South Africa is expecting a bumper year for UK visitors in 2019 after last year’s drought in Cape Town hit arrival figures.
The number of UK visitors dropped this year by 4.4% to 448,000 – but it follows a 9.9% increase in visitors the previous year.
Tolene van Der Merwe, South African Tourism hub head for the UK, put the fall down to the Cape Town drought, when a ‘day zero’ message saying the city was expected to run out of water was used.
The UK is the biggest international source market for South Africa, and a three-times-weekly direct British Airways flight from Heathrow to Durban launched last month.
South Africa is also set to relax its restrictions on travelling with minors, which will affect visitors from all countries, including the UK, van Der Merwe added.
Rules, introduced in 2015 to combat human trafficking, which insist visitors travelling with minors had to carry unabridged birth certificates will be formally relaxed in “the next few weeks”.
“I think we will see an increase [in visitor numbers from the UK] in 2019 and 2020,” van Der Merwe told Travel Weekly. “I’m very confident of that.”
“It was affected by the drought. We didn’t see cancellations at the time, but what we hadn’t noticed until later was the lack of bookings coming through. People were trying to be responsible travellers and not coming to a city which was short on water.

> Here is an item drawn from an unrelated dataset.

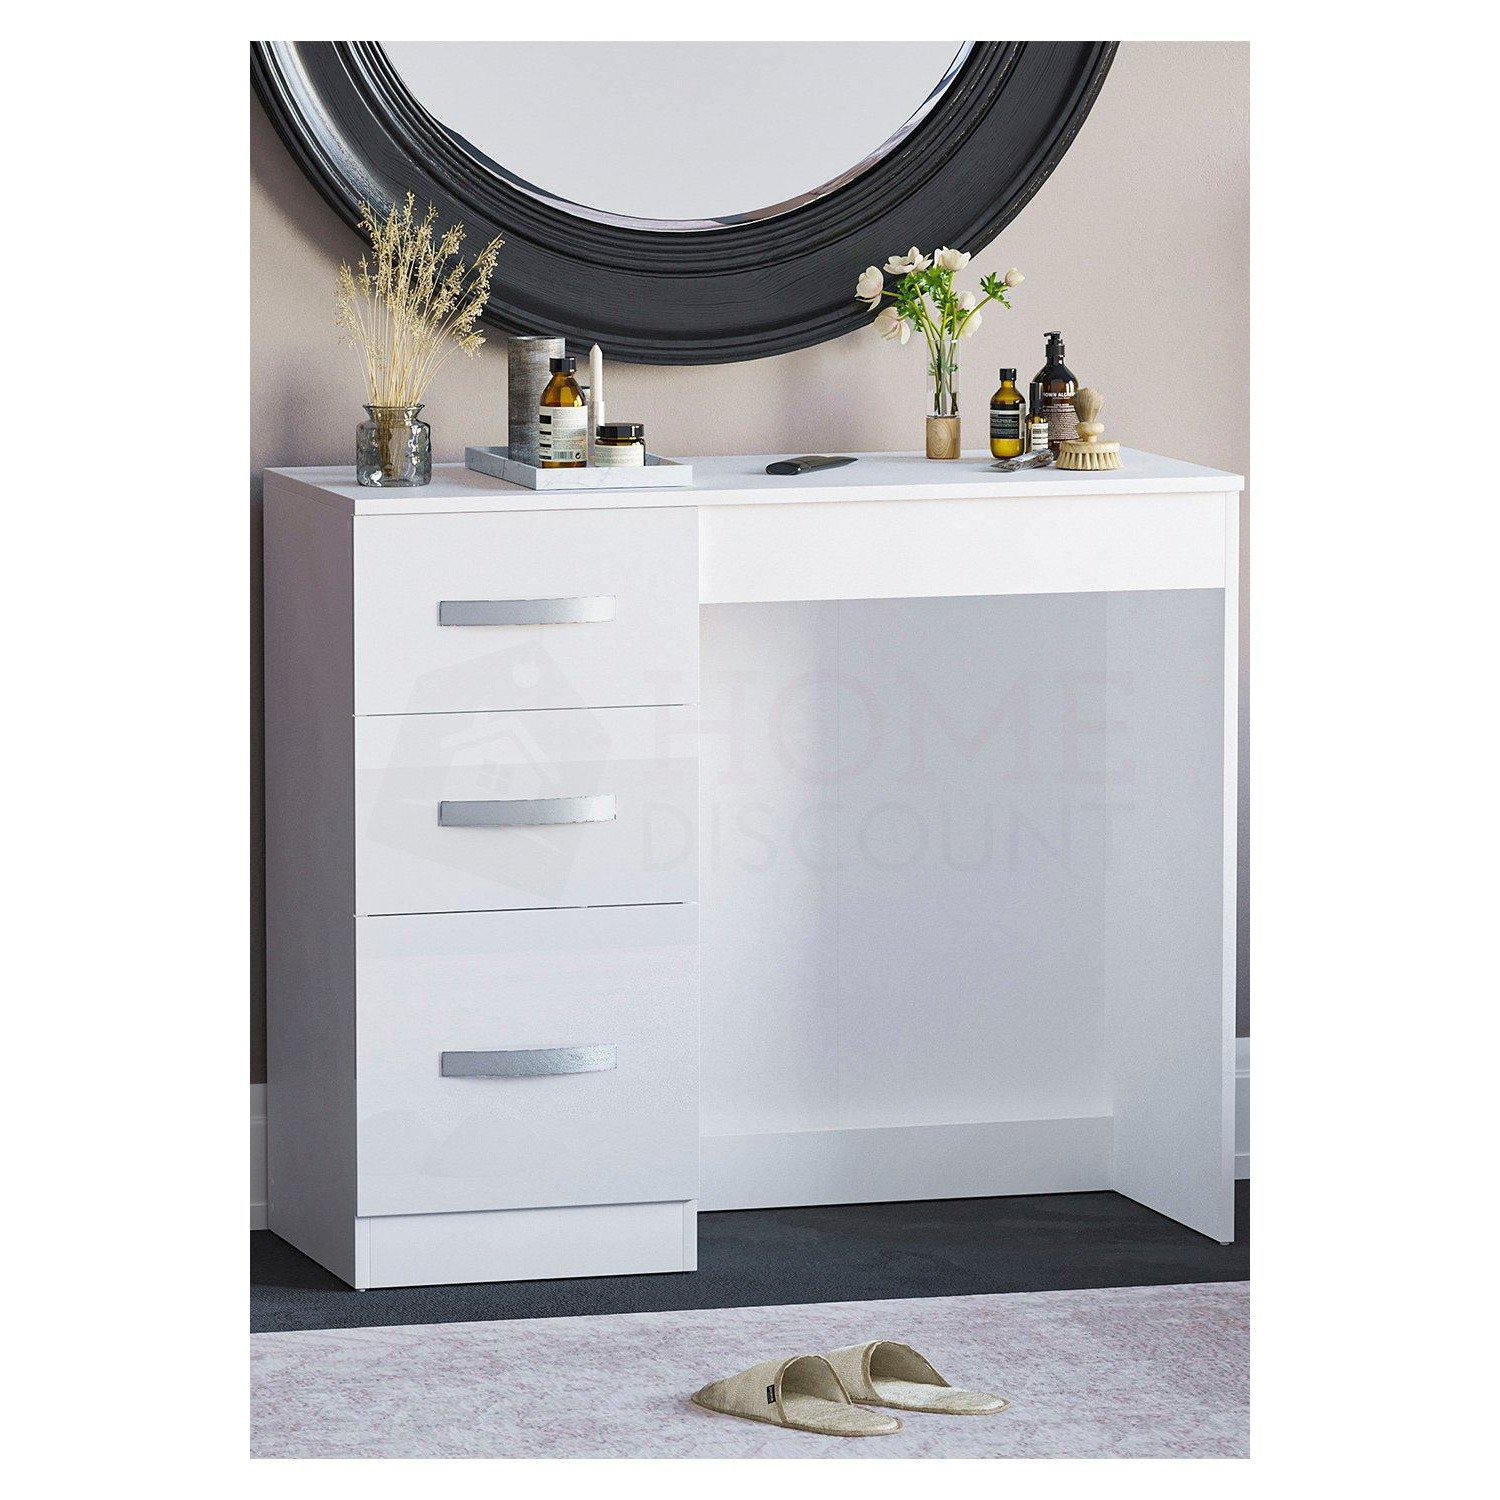 Vida Designs Hulio Dressing Table Storage Furniture MDF 790 x 930 x 380 mm - image 1

But dams are now 76% full and we’re one of the world’s leading destinations on water management.”
On the new Heathrow-Durban route, she added: “Now all three of our major cities are served in under 12 hours from the UK. BA has 38 flights across Durban, Cape Town and Johannesburg. When airlines invest in your country then it shows that there is a demand for travel and gives me confidence.”
She also added that the South African rand offered better value for UK travellers than the Euro.